И посмотрел на Билли так простодушно, что Билли против воли рассмеялся, мотнул головой и ушел в угол взволнованно обсуждать планы на будущее воскресенье — с человеком, которого, наверно, считал котом.
Я все равно держался прежнего мнения, что Макмерфи — гигант, спустившийся с неба, чтобы спасти нас от Комбината, который затягивает всю землю медным проводом и стеклом, что не будет он беспокоиться из-за такой ерунды, как деньги, слишком он большой для этого, но потом и я стал наполовину думать, как остальные. А случилось вот что. Перед собранием группы он помогал таскать столы в ванную и увидел, что я стою возле пульта.

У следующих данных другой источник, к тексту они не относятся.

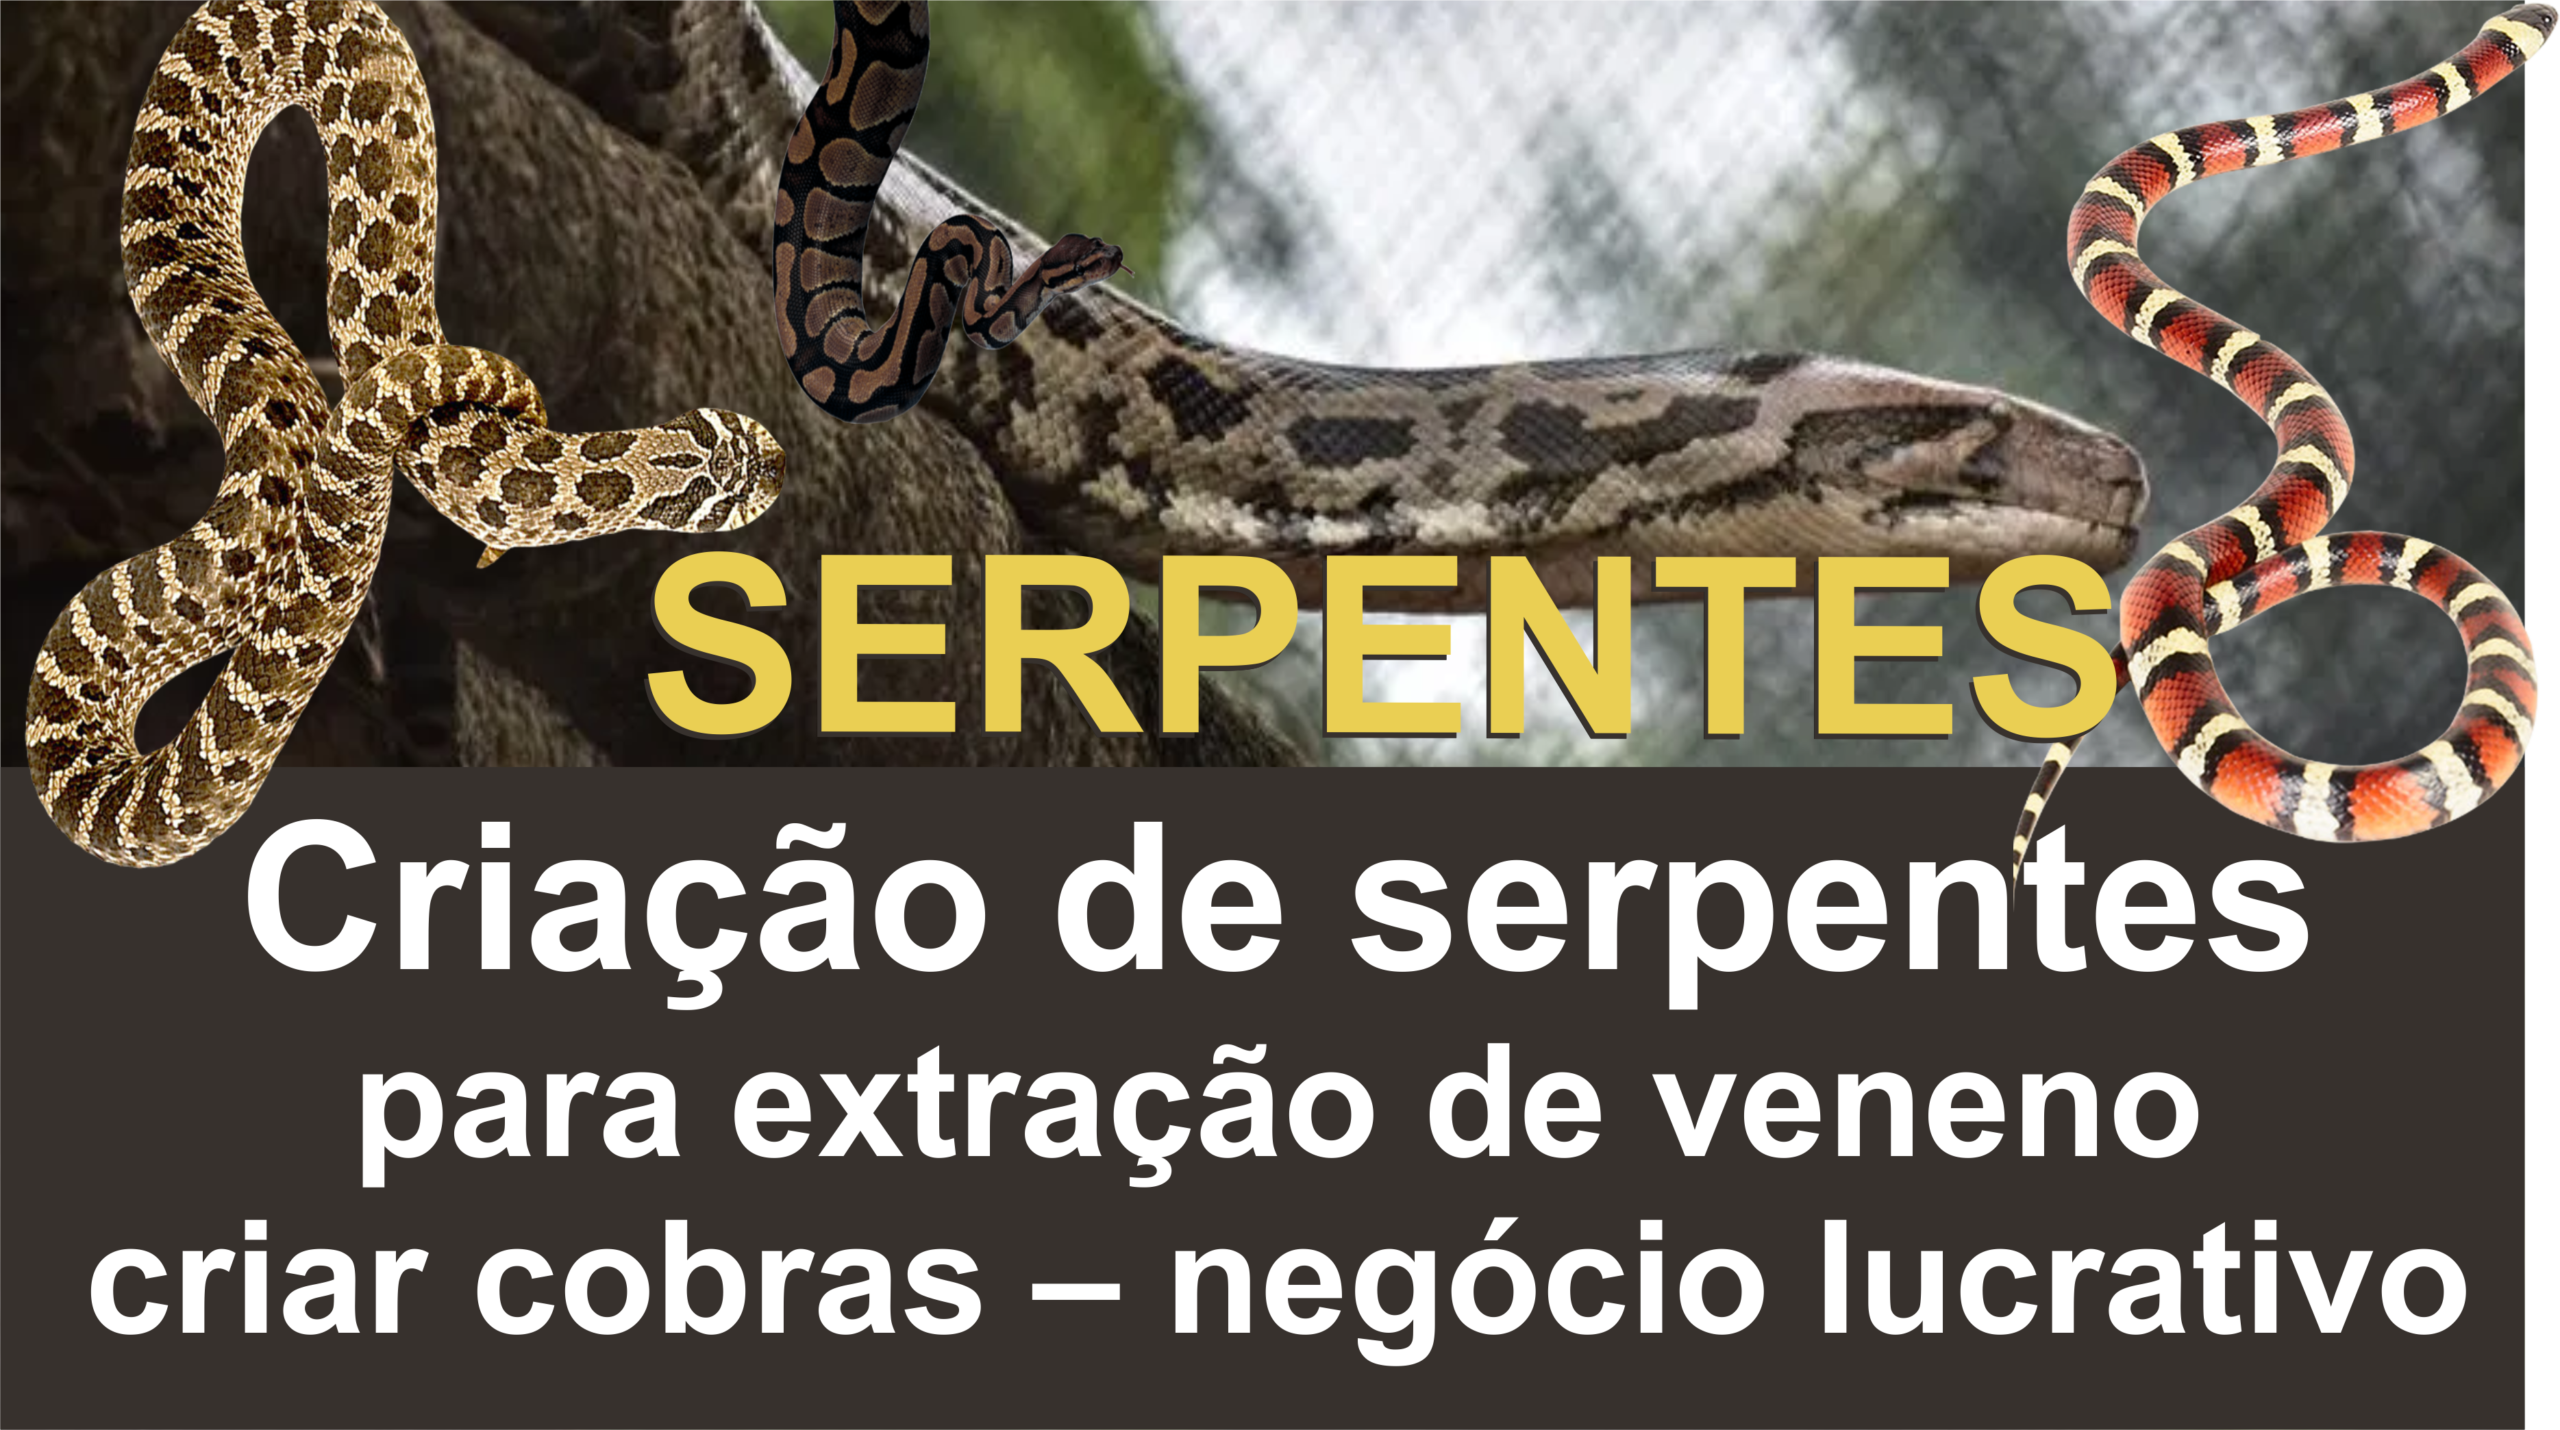 Serpentário: instalações e viabilidade de comercialização de serpentes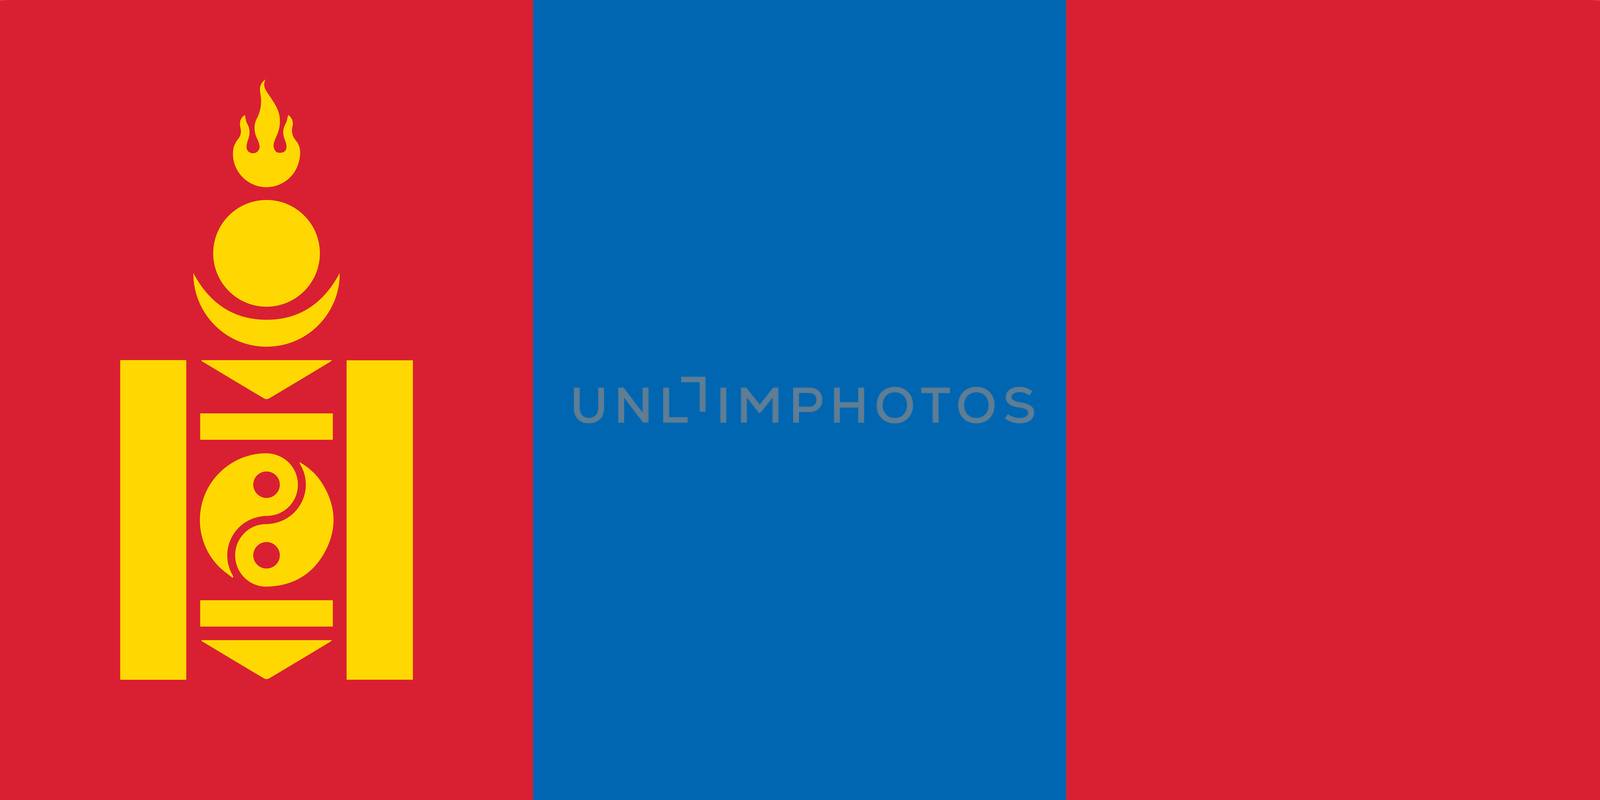 The Mongolia national flag

— Ей-богу, вождь, — сказал он, — сдается, после рыбалки ты подрос еще на четверть метра. Нет, ты только посмотри на свою ногу — большая, как железнодорожная платформа!
Я посмотрел вниз — такой большой ноги у себя я еще не видел, как будто от одних только слов Макмерфи она выросла вдвое.
— А рука! Вот это я понимаю — рука индейца и бывшего футболиста. Знаешь, что я думаю? Я думаю, пора тебе маленько потрогать этот пульт, проверить, как идут дела.
Я покачал головой и ответил «нет», а он сказал, что мы заключили сделку и я обязан попробовать проверить, как действует его система роста. Делать было нечего, и я пошел к пульту — просто показать ему, что не смогу. Я нагнулся и взял его за рычаги.
— Ай да молодец! Теперь только выпрямись. Подбери под себя ножки… Так, так. Теперь не спеша… Выпрямляйся. Ого-го! Теперь опускай его на палубу.
Я думал, он будет разочарован, но, когда отпустил рычаги, и посмотрел на него, он улыбался во весь рот и показывал вниз: пульт отошел от гнезда в фундаменте сантиметров на десять.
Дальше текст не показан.